→ THE TASK:
Quote the lines of the data below verbatim, beginning at the line that contains "Feminism is a" and ending at the last line, both included, and excluding pictures.

→ DATA SEGMENT:

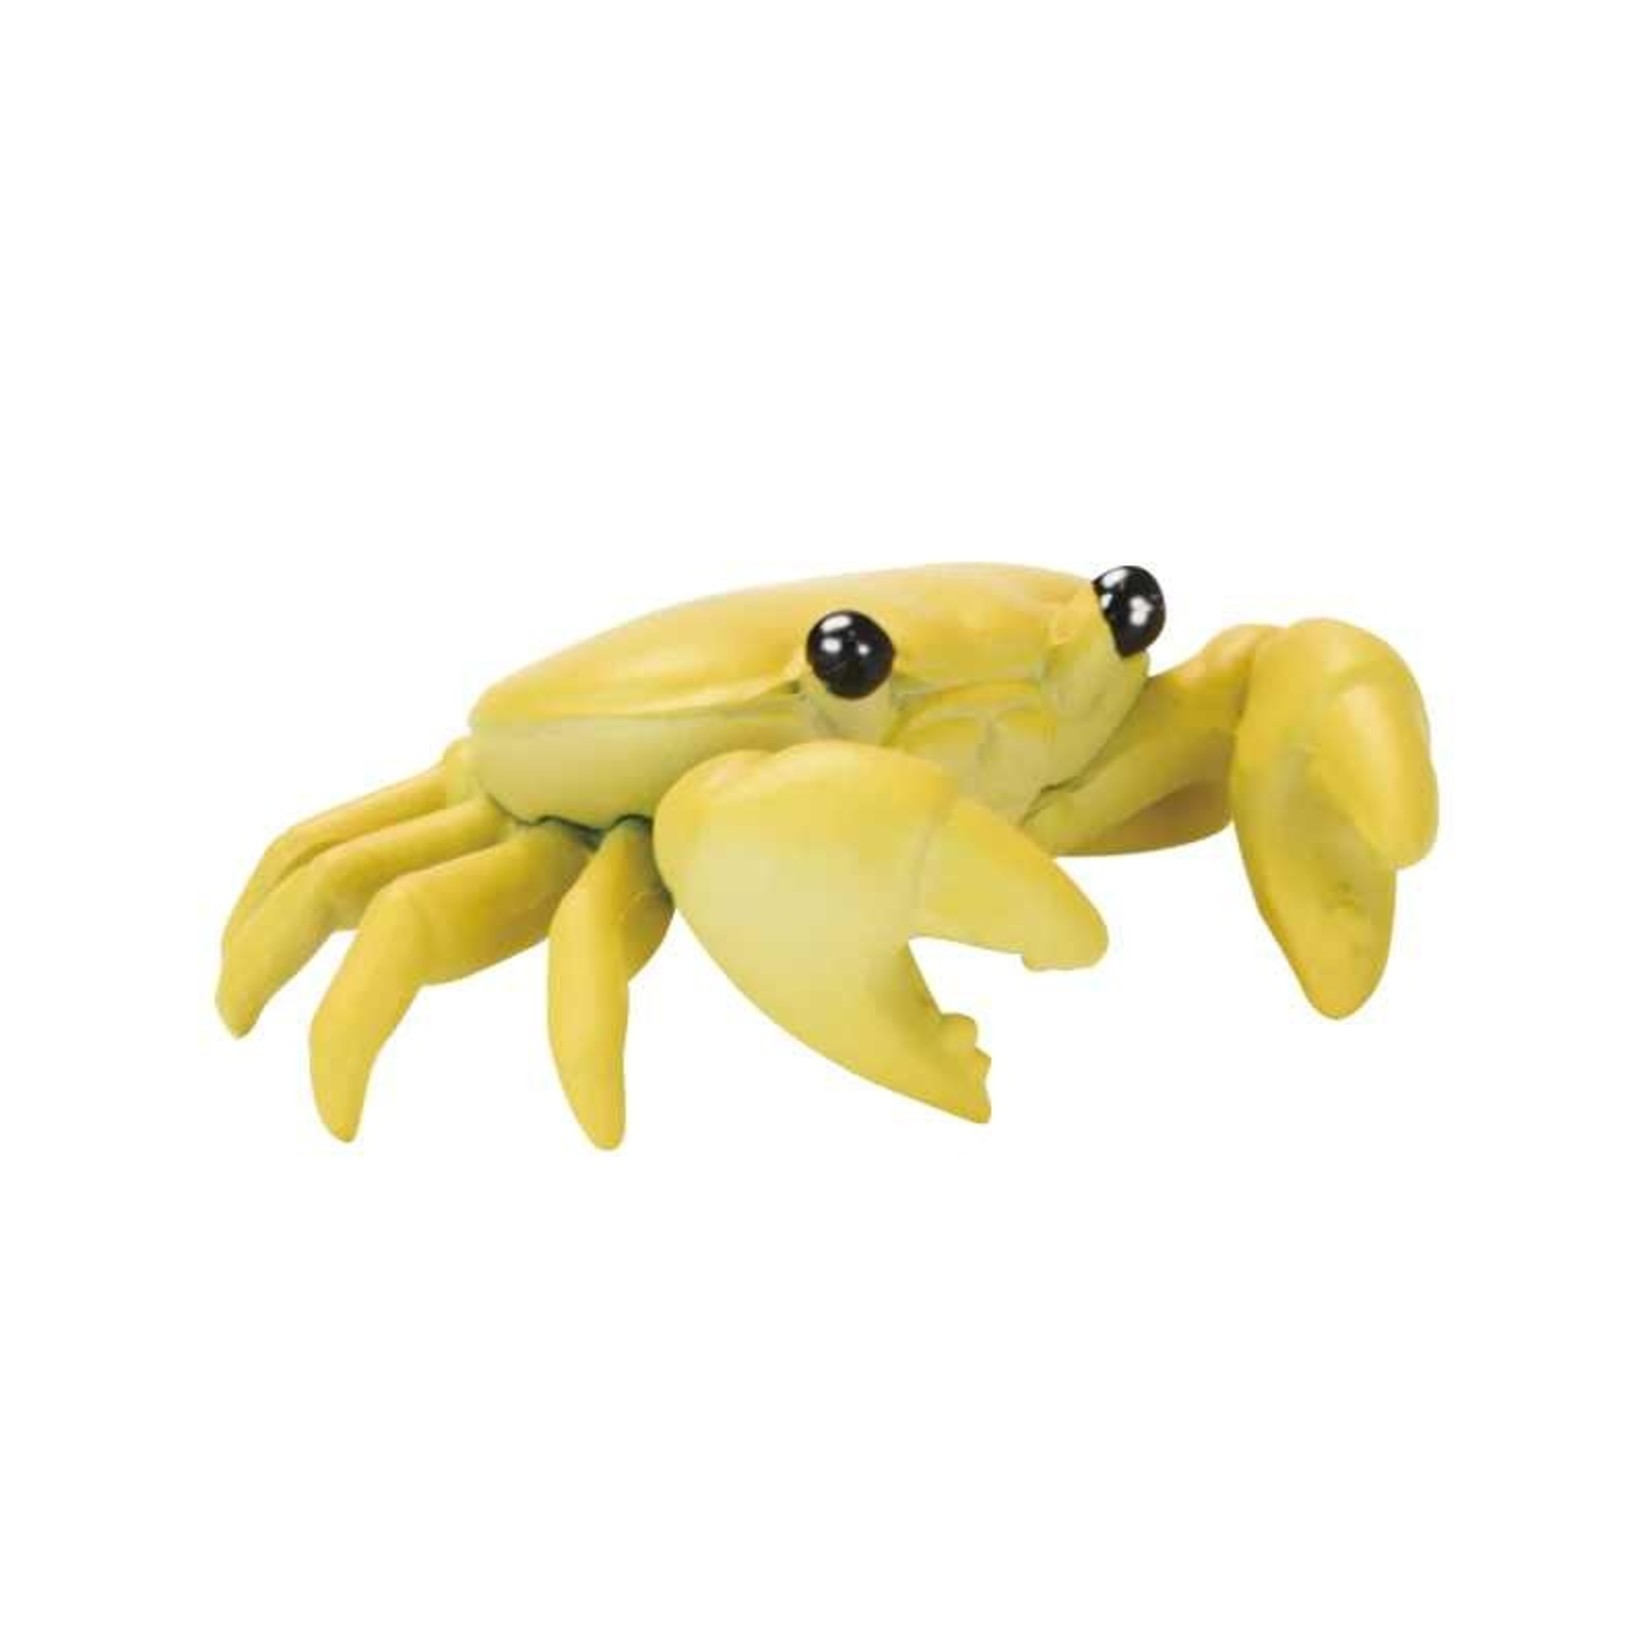 YELL Crab Cable Holder in Capsule - 70937
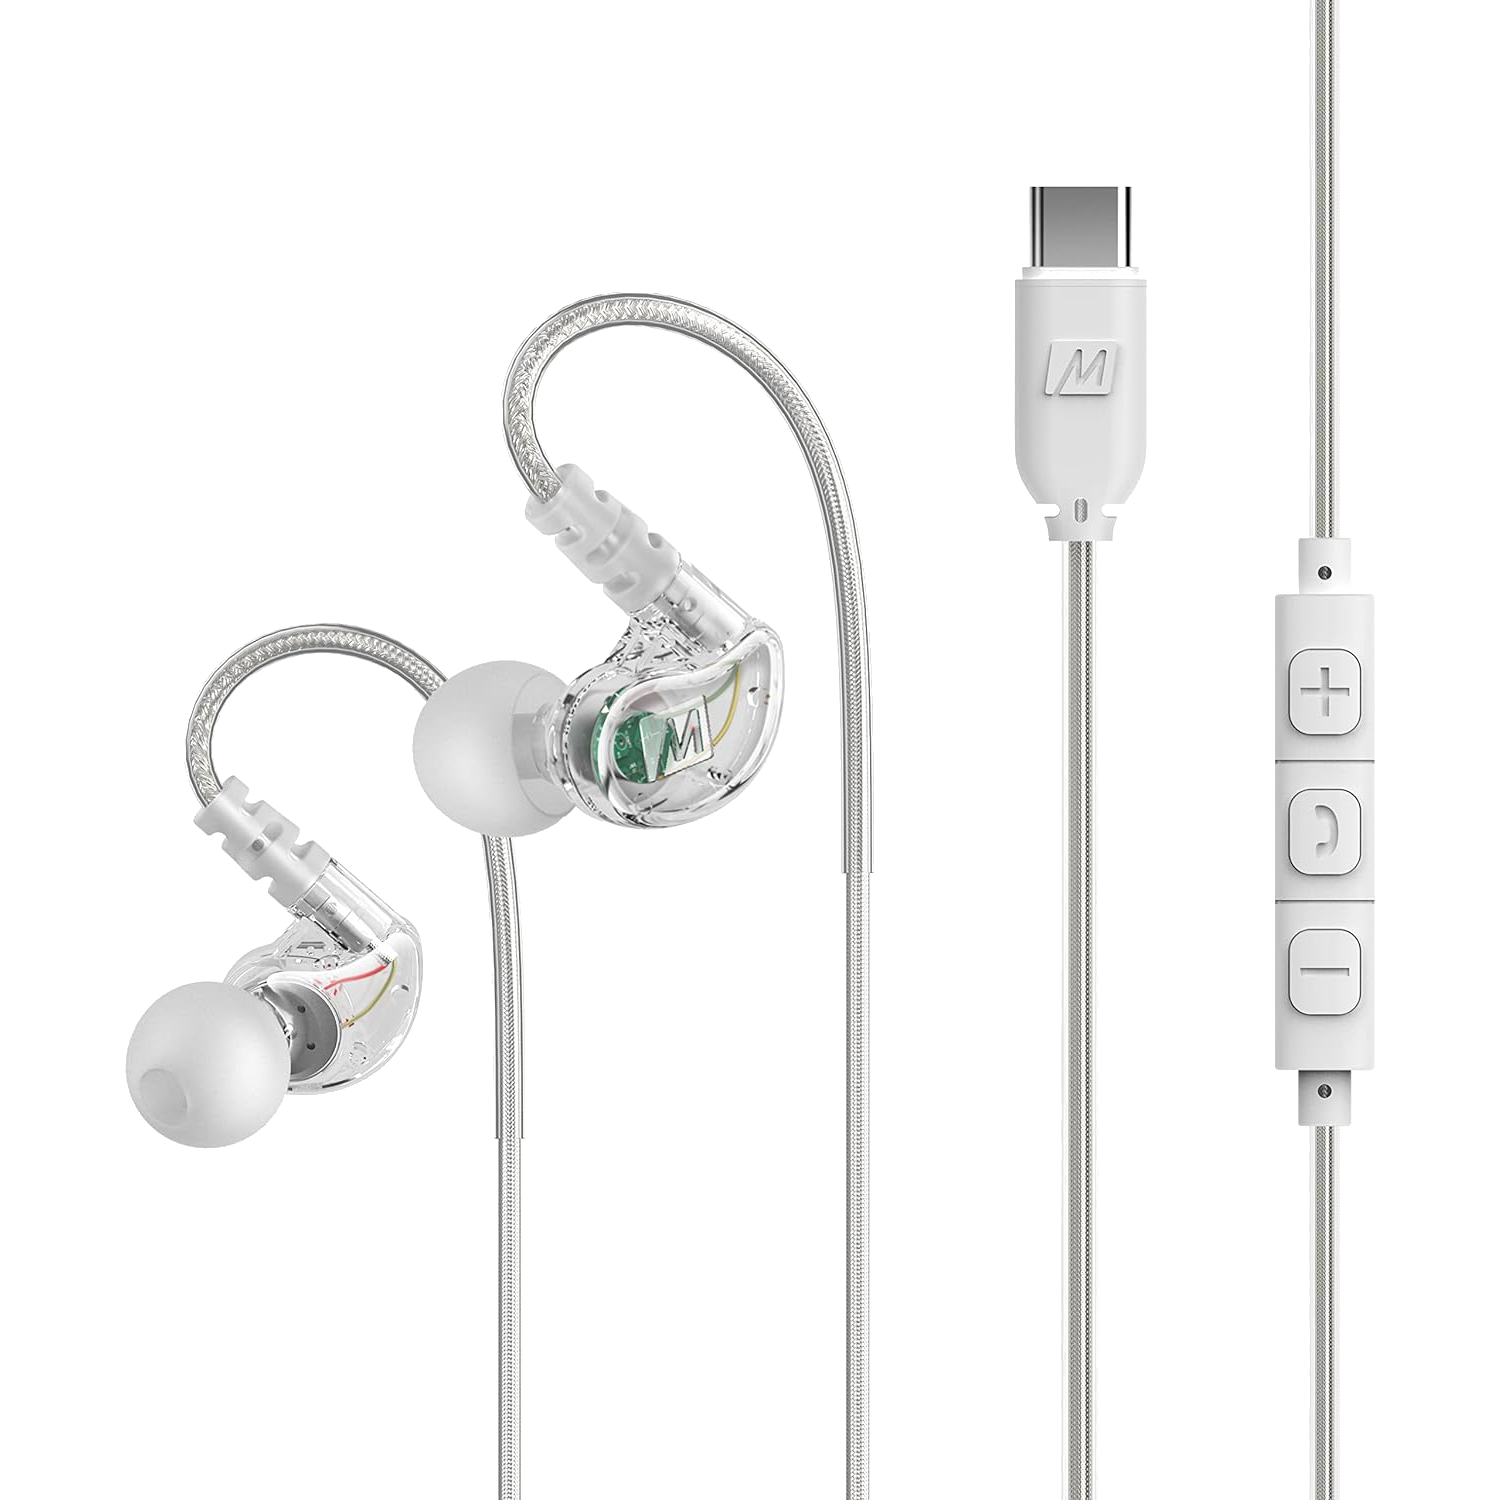 MEE Audio M6 Sport show on a transparent background.
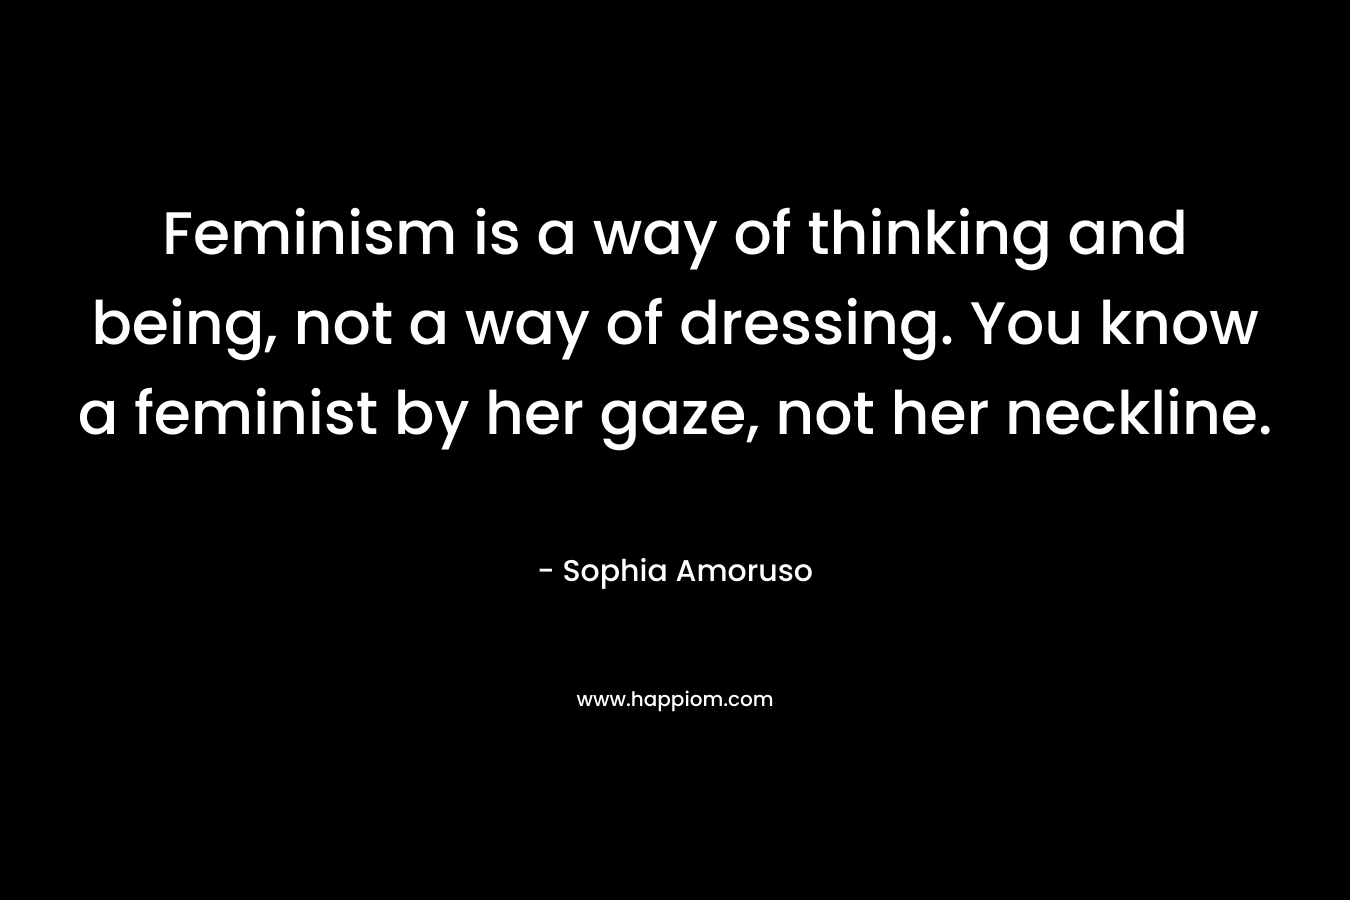 Feminism is a way of thinking and being, not a way of dressing. You know a feminist by her gaze, not her neckline. – Sophia Amoruso
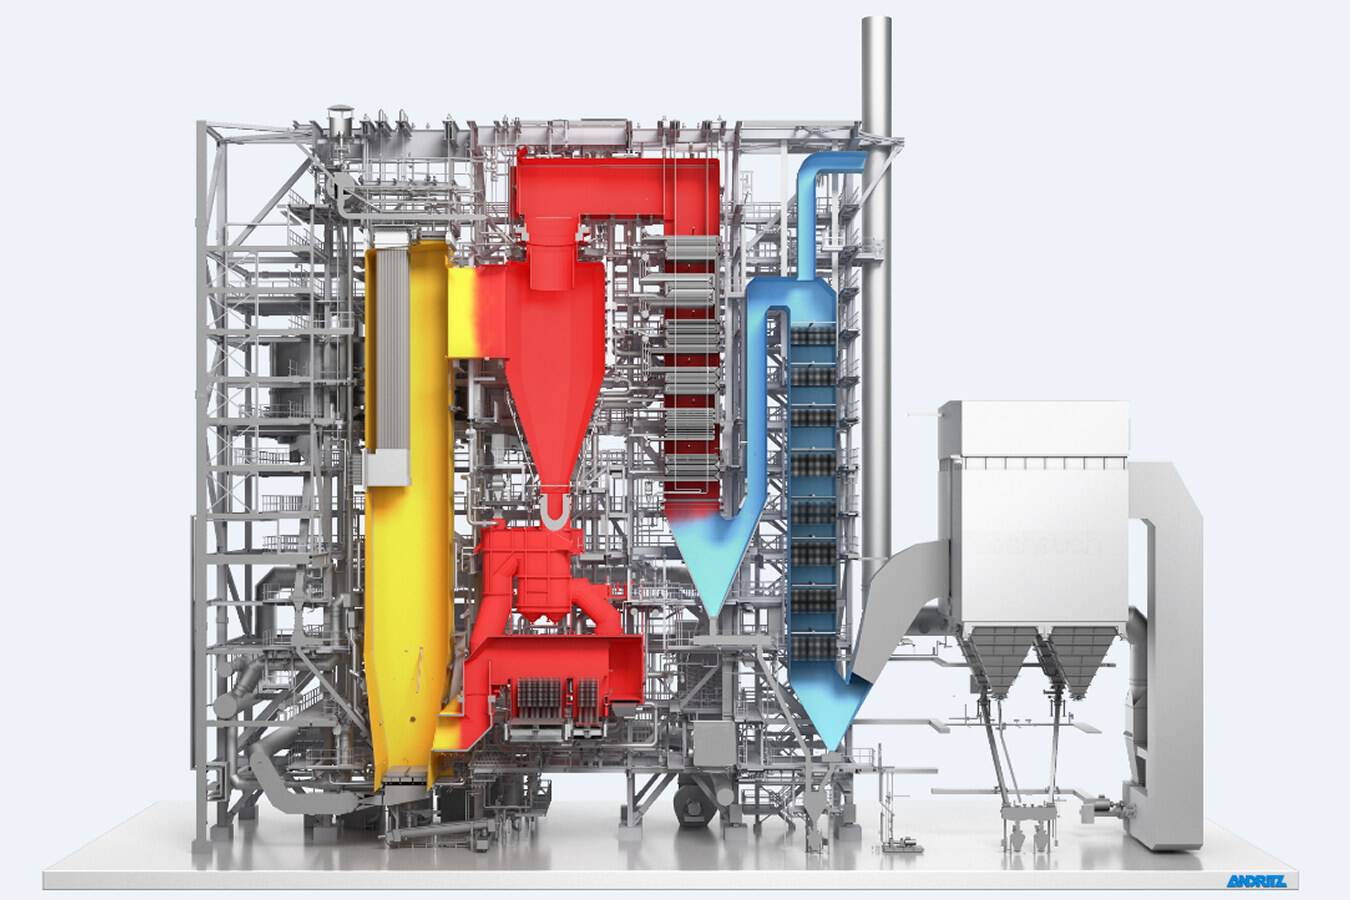 ANDRITZ to supply PowerFluid circulating fluidized bed boiler to Japan International technology group ANDRITZ has received another order from the HITACHI ZOSEN Corporation in Japan to supply a 52.7-MW PowerFluid circulating fluidized bed (CFB) boiler on EPS basis.

→ RESPONSE:
 Feminism is a way of thinking and being, not a way of dressing. You know a feminist by her gaze, not her neckline. – Sophia Amoruso
 ANDRITZ to supply PowerFluid circulating fluidized bed boiler to Japan International technology group ANDRITZ has received another order from the HITACHI ZOSEN Corporation in Japan to supply a 52.7-MW PowerFluid circulating fluidized bed (CFB) boiler on EPS basis.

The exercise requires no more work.